На ступеньках парадной лестницы столпились вицмундиры академического начальства. Все слушали Баженова, стоявшего несколько повыше на площадке и задержавшего общее движение вниз своей речью. Свет был у него за спиной, и на фоне белой стены рисовался только стройный его силуэт.

В тоне Баженова слышалось с трудом сдерживаемое волнение. Вдруг он сверху увидел подходившего к Карлу Росси Воронихина и, прервав свою речь, стремительно зашагал по ступенькам.

Он несся, словно подлетывал, легкий, изящный человек с лицом, овеянным гением. И вместе с тем это было лицо русского деревенского парня, с многообразным тончайшим налетом европейской культуры.

Несмотря на шестьдесят лет, была юношеская сила, стремительность в фигуре, брови разлетные, приподнятые с особым изумлением, словно это был человек, увидавший какую-то красоту мира, незримую другим. В юности из-за своего восхищенного выражения его прекрасного лица говорили о нем, смеясь, товарищи: «лик архангельский».

Баженов дошел до Воронихина и, обнимая его, быстро сказал;

— Как хочется мне провести с тобой, дорогой Андре, сегодняшний вечер.

— Я сам о том же мечтал, — улыбнулся Ворони-хин, — вот свидетель, Карл Росси, или, как я его называю, Шарло!

Баженов, сияя чарующей улыбкой, протянул Росси руку.

— Знаю, знаю, подающий большие надежды наш юный, преемник и продолжатель, конечно, тоже мой дорогой гость.

Росси, закрасневшись от радости, поклонился.

Форменные вицмундиры спустились вниз с лестницы и опять окружили Баженова. Он выступил вперед и заговорил так, словно начатый вверху разговор не прерывался им вовсе:

— Поймите же, предложенный мной проект необходимо привести в исполнение как можно скорее. Он должен войти в преподавание, в живую жизнь для назидания молодым. На этих образцах нашим зодчим надлежит развивать свое дарование…

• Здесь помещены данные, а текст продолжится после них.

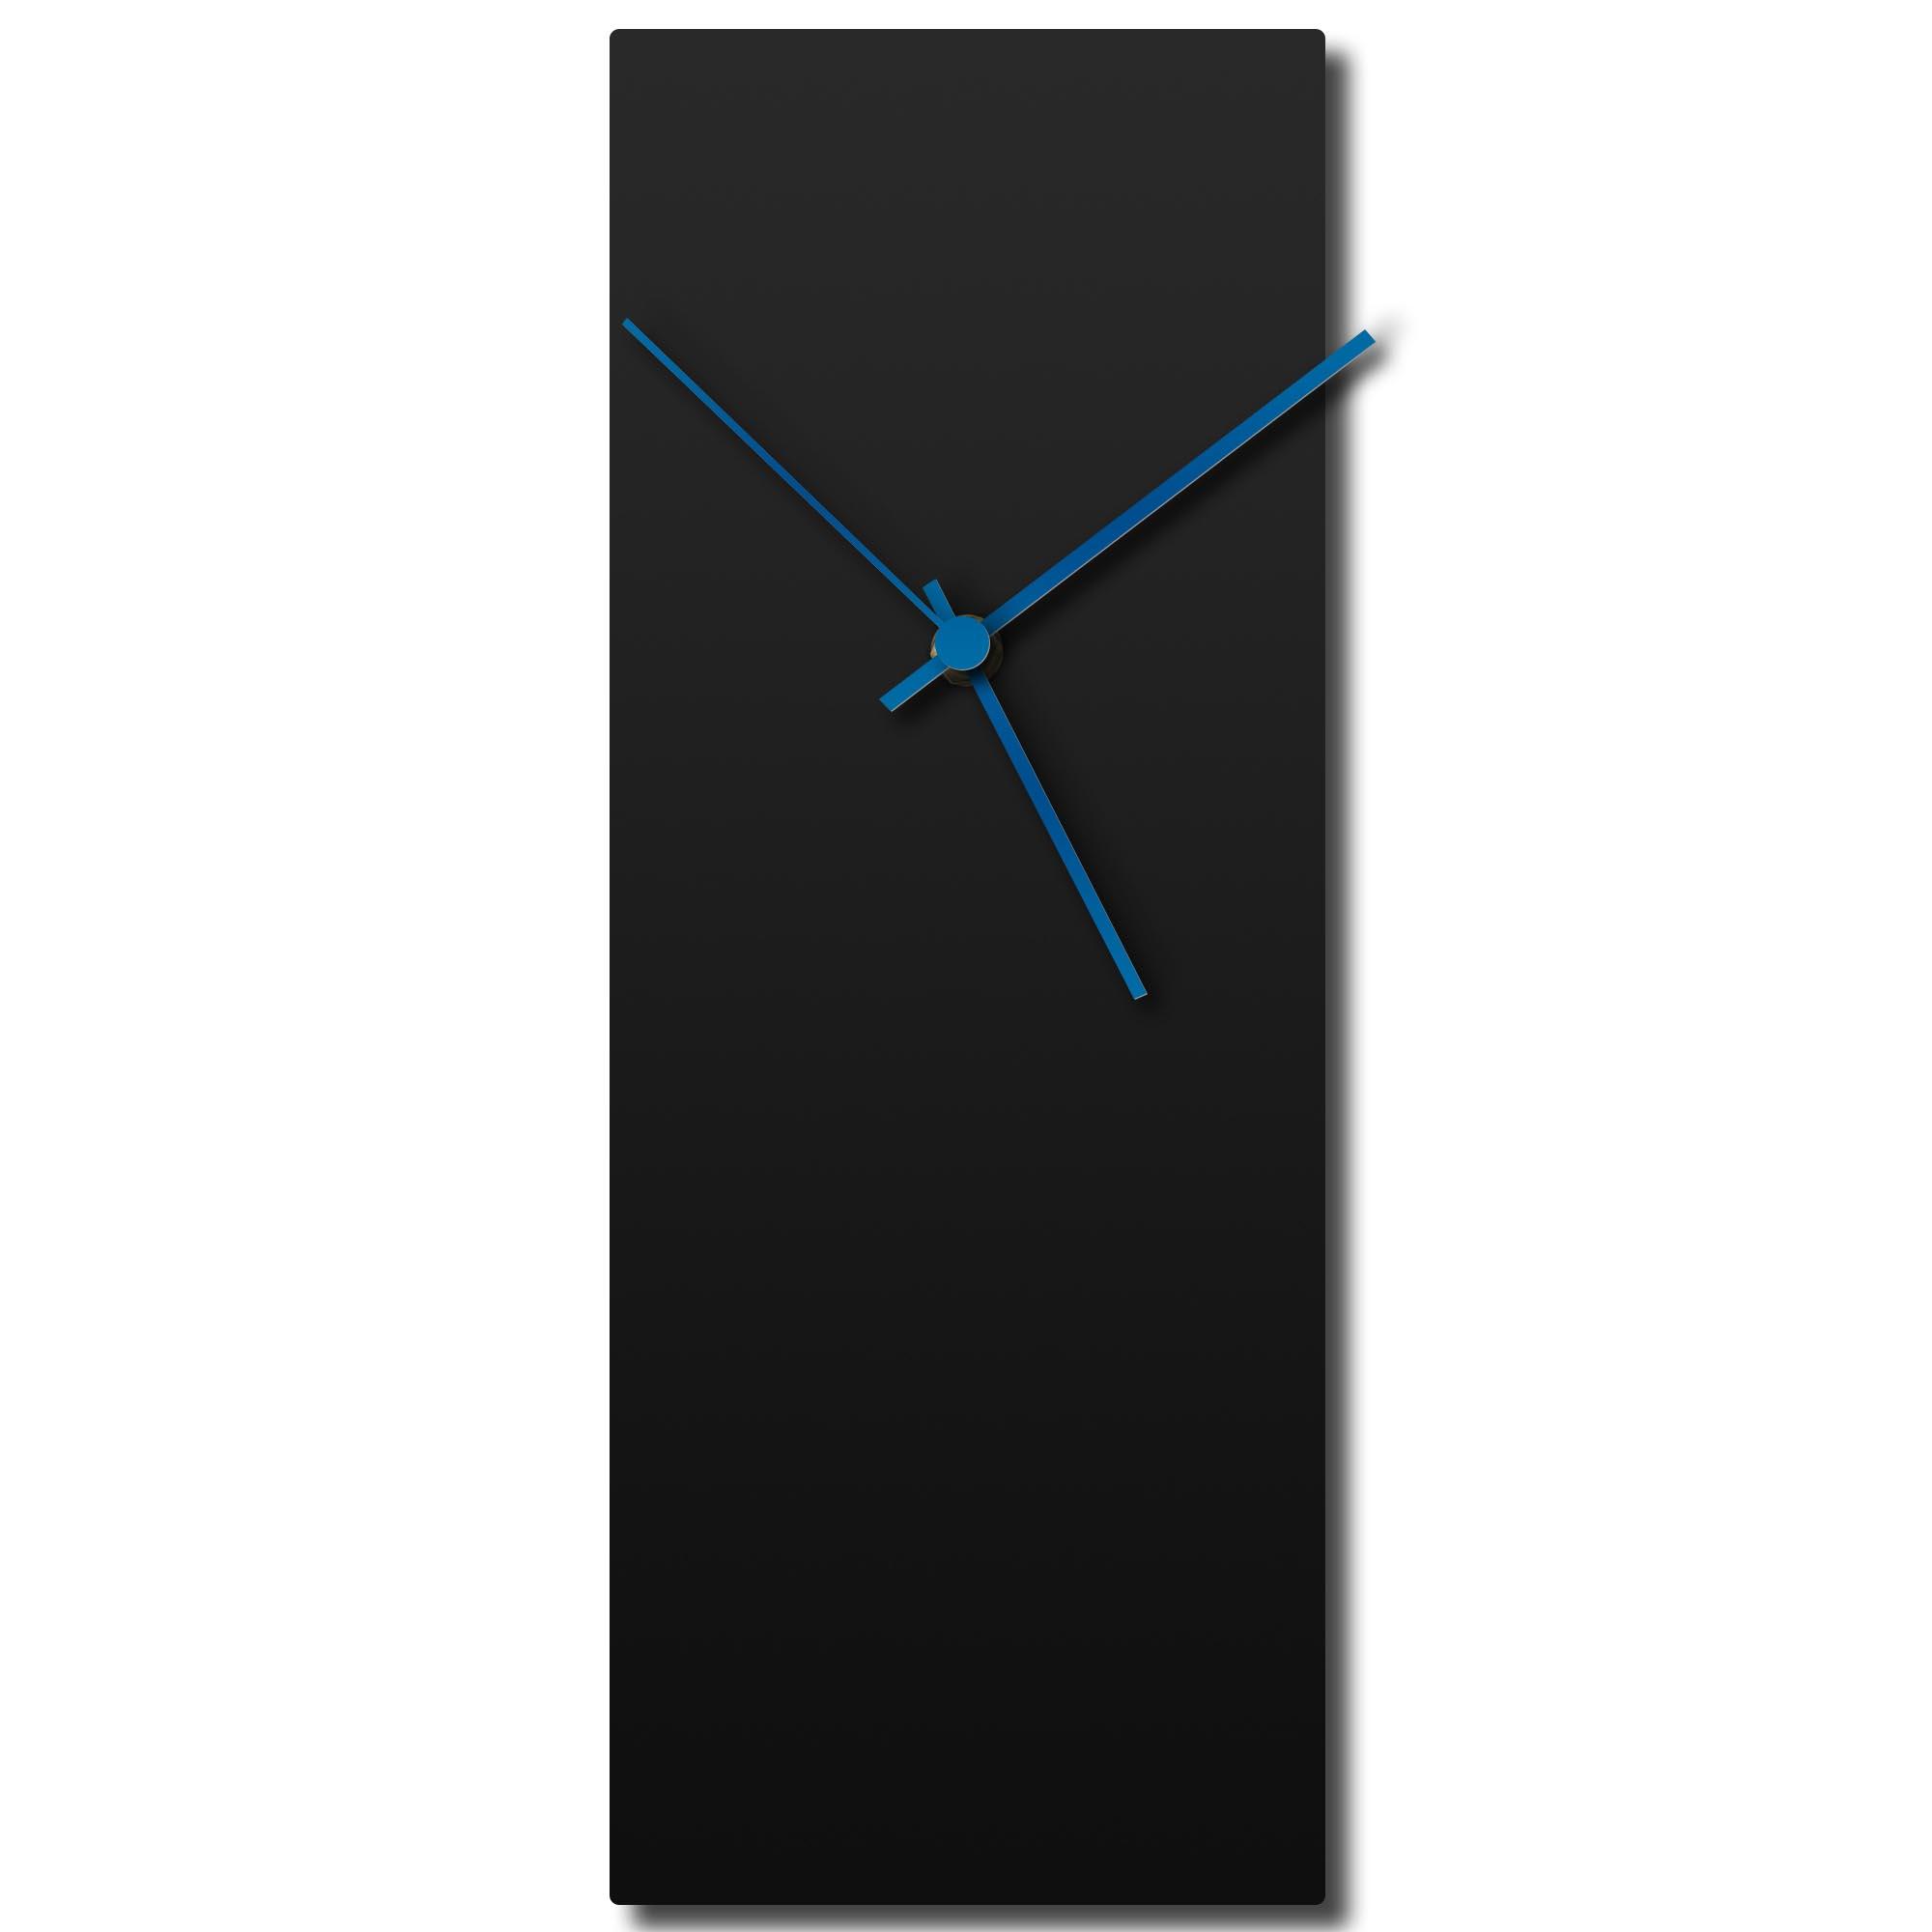 Blackout Blue Clock 8.25x22in. Aluminum Polymetal

Баженов остановился, ему не хватало воздуха. С недавних пор, когда приходил в волнение, отказывало вдруг сердце… Однако в минуту преодолел слабость, ярко оглядел всех своими вдохновенными глазами и широко очертил рукой воздух, будто собрал воедино этих грядущих зодчих, и повторил весело:

— Именно в поученье молодым будет это издание работ всех мастеров русских…

Он было умолк, но через миг опять вспыхнул, словно встретил какое-то обидное опровержение. Чиновники молчали, но своей повышенной чуткостью Баженов уловил их внутреннее несогласие и, повысив голос, резко сказал:

— И в первую голову надлежит издать те проекты, кои по превосходным своим замыслам и вкусу достойны были быть выполненными, но…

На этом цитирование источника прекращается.